Septo-hippocampal deafferentation protects CA1 neurons against ischemic injury.
Buchan AM., Pulsinelli WA.
Excessive synaptic excitation caused by transient cerebral ischemia has been proposed to explain the greater vulnerability of specific neuronal populations to ischemic injury. We tested this hypothesis in rats by cutting, alone or in combination, the afferent fibers that travel in the fimbria/fornix, the perforant, or the Schäffer collateral pathways and innervate the right CA1 hippocampus. Seven to twelve days later the animals were subjected to 30 min of reversible forebrain ischemia. Irreversible damage to the CA1 neurons was assessed with the light microscope after 70-120 h of cerebral reperfusion. The left, unlesioned hippocampus served as a control. Simultaneous cutting of the 3 major afferent pathways significantly reduced CA1 neuronal damage compared to the unlesioned side (P less than 0.001) or to sham-lesioned controls (P less than 0.001).
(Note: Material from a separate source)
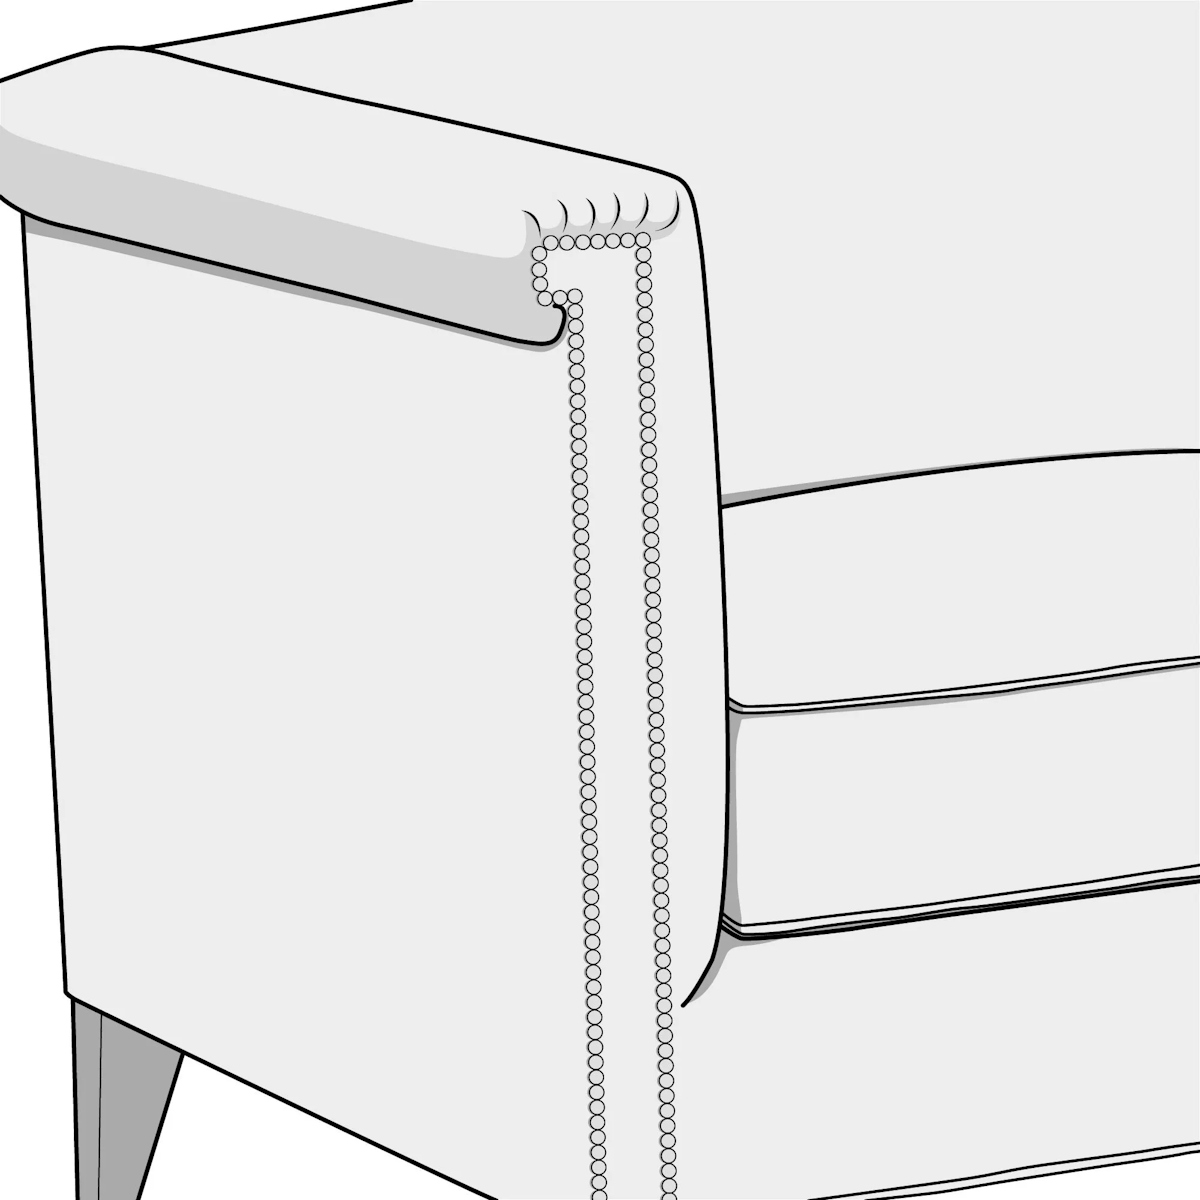 Illustration of key arm style sofa

Selective lesions of the fimbria/fornix but not the perforant or the Schäffer collateral pathways also protected against ischemic CA1 damage. These data indicate that afferent fiber input modulates hippocampal damage caused by ischemia, but they are inconsistent with the hypothesis that excitatory afferent fibers, travelling in either the perforant or the Schäffer collateral pathways alone, play a major role. Neurotransmitters, other than those activating excitatory amino acid receptors or yet-to-be-identified synaptic events, may be invoked to explain the spatial and temporal sensitivity of hippocampal CA1 neurons to ischemia.